The dealership should have a Contract of Sale for the Sold Notes, and make copies of the relevant contract paperwork for the RFC to have as it’s records. These records must be maintained separately from the dealership. Remember that the IRS requires the dealer to deal with the RFC on an “arm’s length” relationship. Treat the RFC the way you would treat any third-party Finance company buying your notes.
The NIADA published a guide that uses information from an IRS Field Guide the IRS Agents use to audit a car dealership with an RFC.
There are many rules and conditions to having an RFC. Loss of recognition of your RFC can lead to an assessment on the claimed losses, and potential penalties. Add to that the money already spent setting it up and maintaining it, and the dealer can be out a lot more than if he had not bothered with it in the first place.
An RFC is not a simple thing, nor is it to be entered into lightly. It *can* be used to defer taxes on profits, but should be dealt with as that. It is not a tax dodge.
Once again, consult with an experienced CPA and an attorney before taking this on.
The NIADA analytics for 2015 had some interesting statistics.
By and large, BHPH dealers are spending more on cars, and getting less down. A quick comparison to just 4 years ago(2012) shows that the average BHPH unit cost is up almost $1400. At the same time, the average down payment is down by about $125.
The good news is that average percent of accounts past due from 2012 to 2015 slipped from 28.6% to 17.6%, a significant drop of eleven percent. However, reflecting the higher costs as mentioned above, the average charge off per vehicle is up by $800. Bad debt as a percentage of sales climbed from 18% in that timeline to 25%.
Here’s the meat of this matter: Even though there are less past due accounts, dealers have higher bad debt ratios. This could simply mean that you are repossessing or managing the receivables more.
Are you in the Sub-prime business? Most say yes, but analyze your average credit score. Experian Scorex puts sub-prime at credit scores between 550-619. Anything below 550 is considered Deep Subprime.
What “business” you are in should be a determining factor as to how you manage it.

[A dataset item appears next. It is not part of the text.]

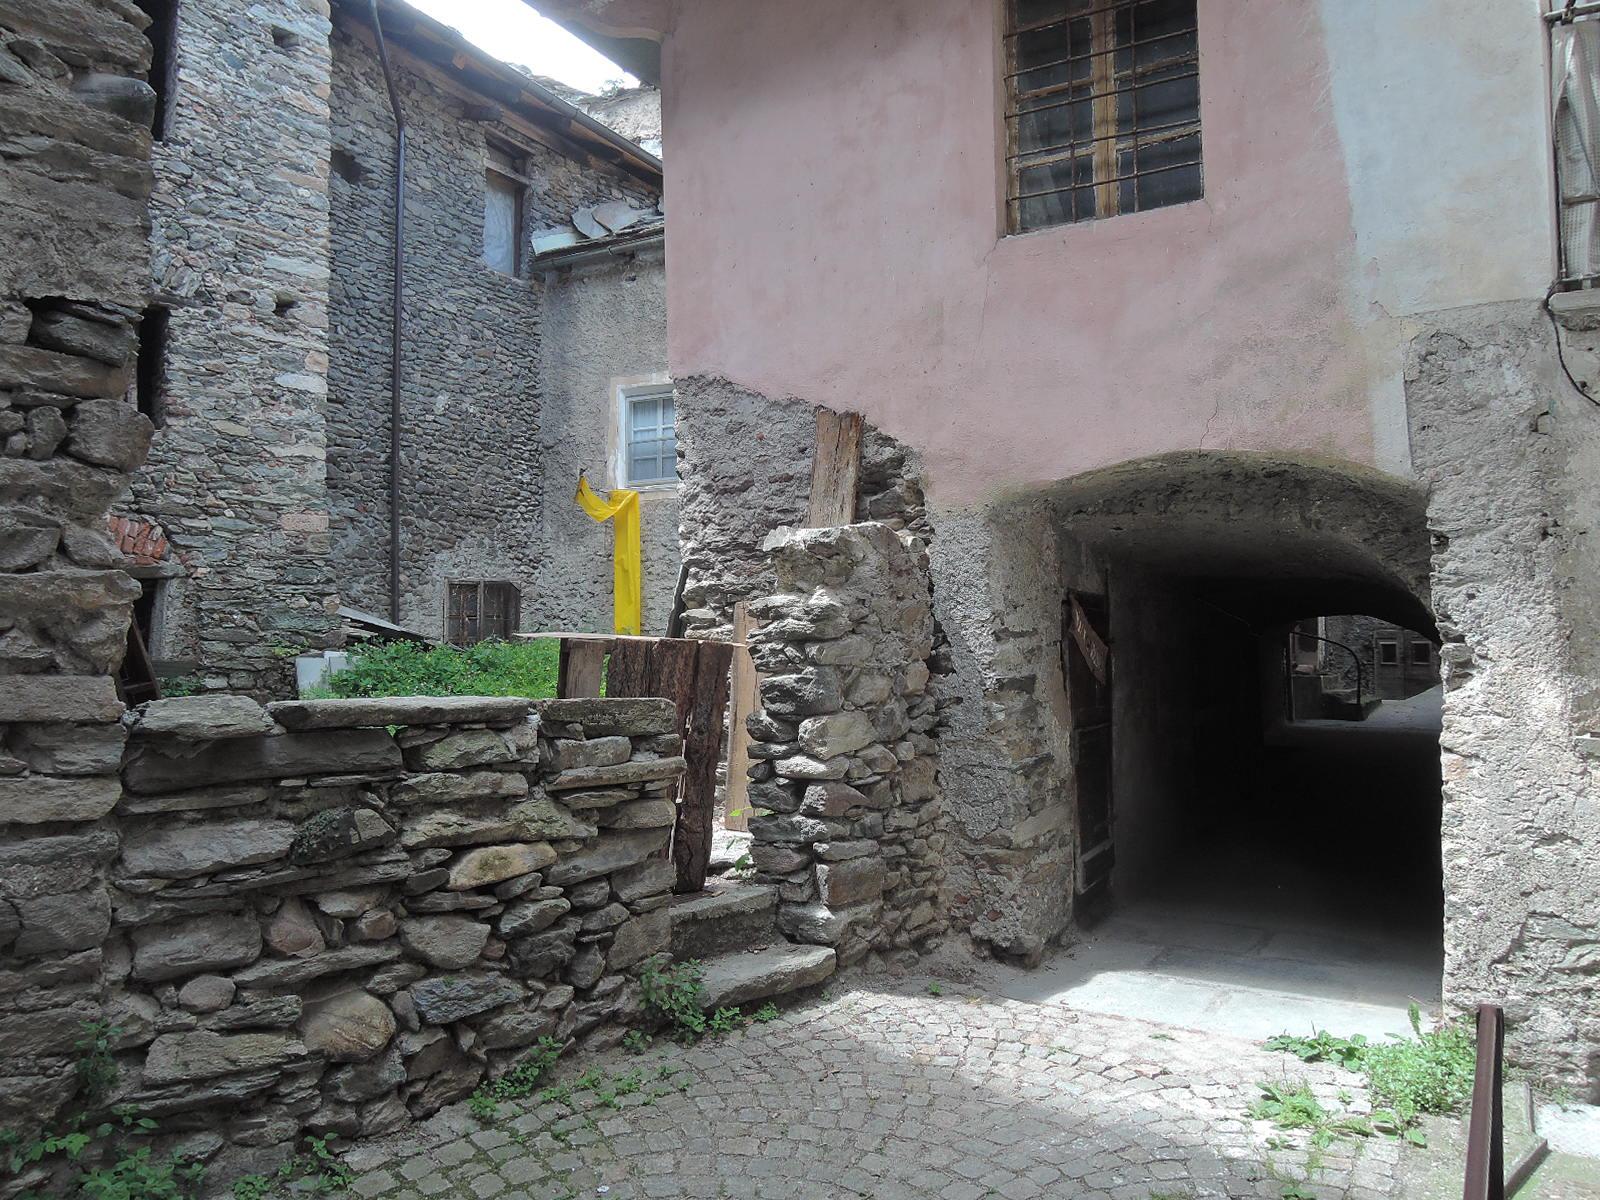 ...y desde el callejón a otras casas y patios.
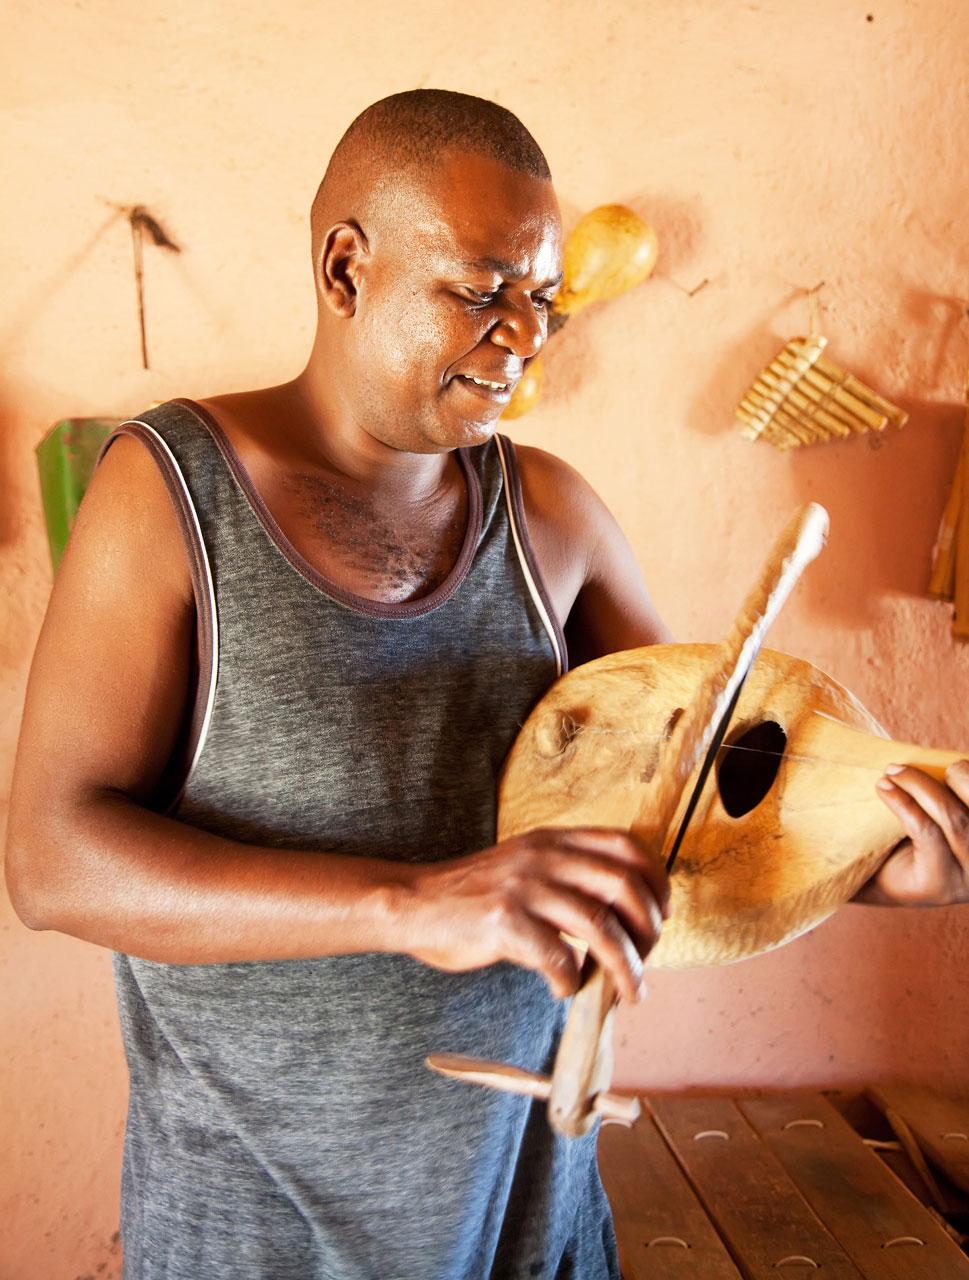 Houtbewerker Thomas Kubayi, een van de deelnemers van de Ribollo Art Route in Limpopo, Zuid-Afrika.

The deeper into subprime you get, the worse your collections will be. This is just simply the nature of it. People don’t have poor credit because they pay on time. Understanding and accepting this is part of the deal. The trick is how to work with them.
We said it before, you can’t just look at the score, you have to look at what makes up the score.
I’ve heard so many dealers complain bitterly about 50-60% collection ratios, but the same dealers are the ones with “Everybody Rides” posted out front in huge letters. I’m not saying you can’t have expectations, but again, you have to temper the expectations based on the customer.
I am a firm believer in working with people instead of screaming at them or threatening them. If you tell them a car is going to cost $500 a month, and they hesitate, then take that as a cue to ask more questions. Ask yourself, can I accept $425 for 42 months instead of $500 for 36 months?
Point is, find out what works for the people you have chosen to do business with. Ask. Large companies spend huge amounts of money targeting their bases. They take the demographics and desires, and retool advertising and stock to meet the needs and wants of the chosen base. There are so many BHPH dealers out there who simply stumble on the business, but make no real effort to determine what business they are in. This is a major reason why so many BHPH lots are here today and gone tomorrow.
If you realize you are in the wrong business, then it’s worth a little money to remake that business into the niche you want it to be, because you will profit rather than spend a few years losing money until you are bankrupt.